Delays sending email in our Asia Pacific (R3) region
Incident Report for Dotdigital
Postmortem

RCA: Delays sending email in our Asia Pacific (R3) region

Summary of impact:

At approximately 00:16 UTC on Tuesday 12th July 2022, customers in our APAC region may have experienced delays in sending campaign emails, test sends and receiving verification emails. Any delayed emails were held in a queue and sent successfully once the issue was resolved. We restored services to normal at 03:05 UTC.

Root Cause:

We use a DNS recursor service for looking up domains prior to sending email to them. Due to a large number of requests, the service entered a throttled state.
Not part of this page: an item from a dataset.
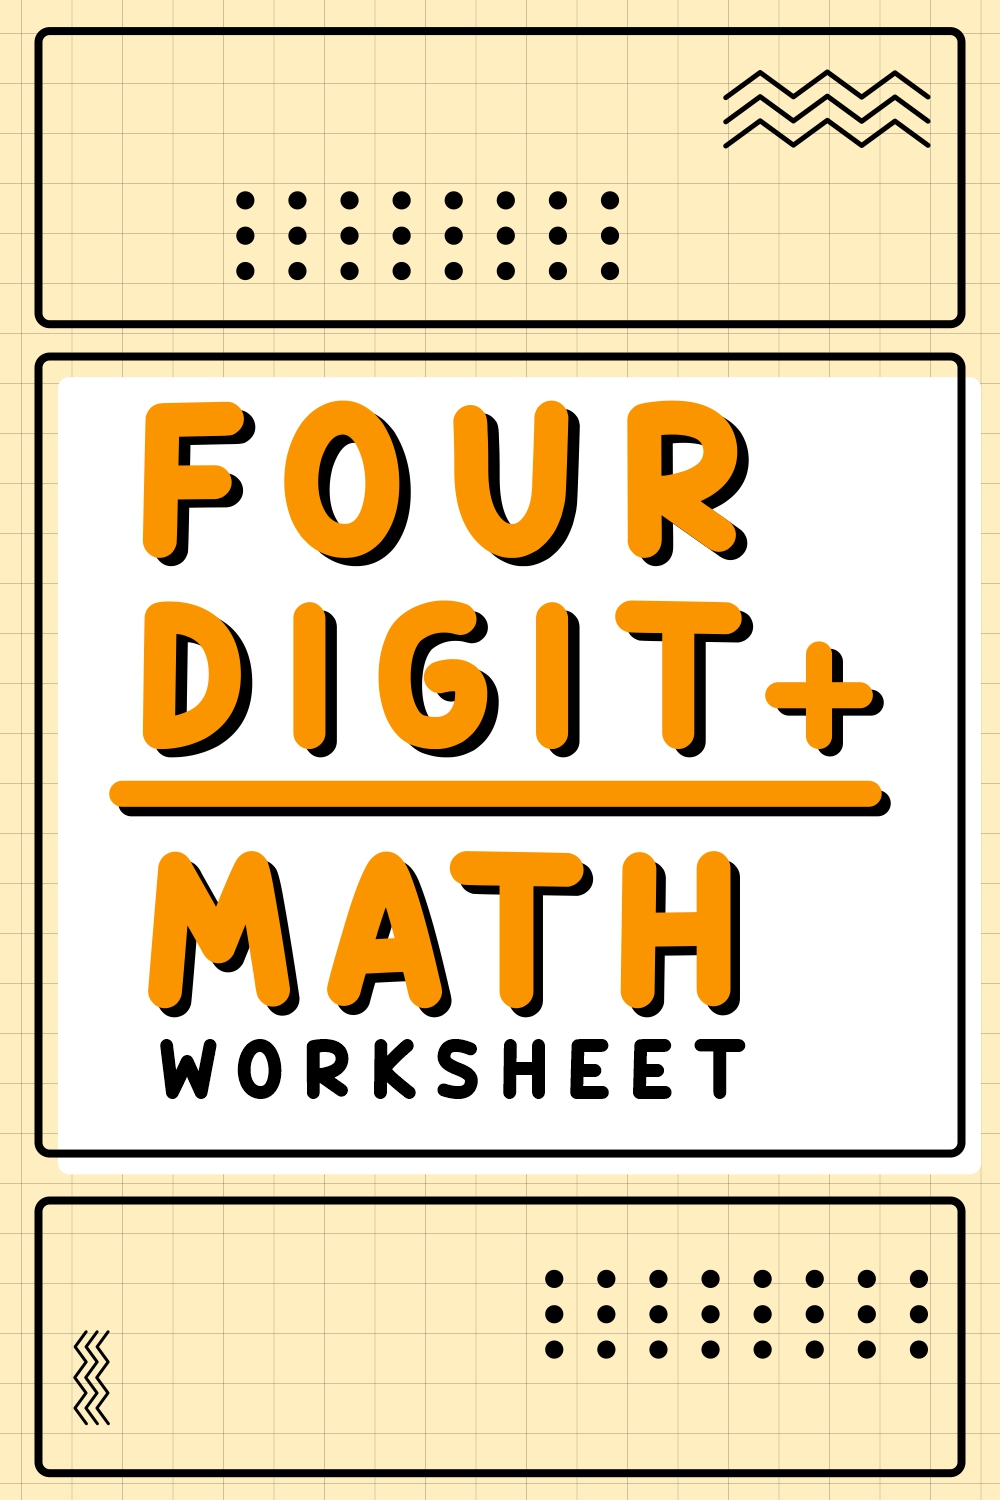 15 Images of Four- Digit Math Worksheets

This meant our sending service couldn’t look up domains in a timely way which caused delays in emails being sent.

Mitigation:

A summarized timeline of events (all times in UTC):

  • 00:20: We were alerted to the issue and begun investigating
  • 01:10: We began a rolling restart of some of our backend services
  • 02:20: We identified that the delays were likely due to issues resolving domain names
  • 02:30: We determined our DNS recursor service had become throttled
  • 02:34: We added additional DNS resolvers to our mail servers and removed the under performing DNS recursor from our configuration
  • 02:40: We observed an improvement in DNS lookups and delayed emails began to send successfully 
  • 02:55: We restarted our DNS recursor server
  • 02:58: We added our DNS recursor server back to configuration

Next Steps:

In order to prevent future issues, we’ll:

  • Review DNS lookup configuration and make changes where appropriate to increase resilience.
  • Enhance logging and monitoring to better monitor for DNS throttling issues and their impact to messaging queues.
Posted Jul 12, 2022 - 14:53 BST

Resolved
Email sending is now fully back to normal in our Asia Pacific (R3) region.
Posted Jul 12, 2022 - 04:04 BST
Monitoring
A fix has been implemented and we're seeing delayed mail beginning to flow normally now. We'll continue to monitor to ensure that mail flow continues as expected.
Posted Jul 12, 2022 - 03:53 BST
Investigating
We're investigating delays with sending emails in our Asia Pacific region of Dotdigital (R3). Sorry if you're affected by this issue. Our tech team are working as quickly as possible to resolve it and get things back to normal. We'll share another update shortly.
Posted Jul 12, 2022 - 03:17 BST
This incident affected: Asia Pacific - Dotdigital R3 (Asia Pacific - Mail Sending).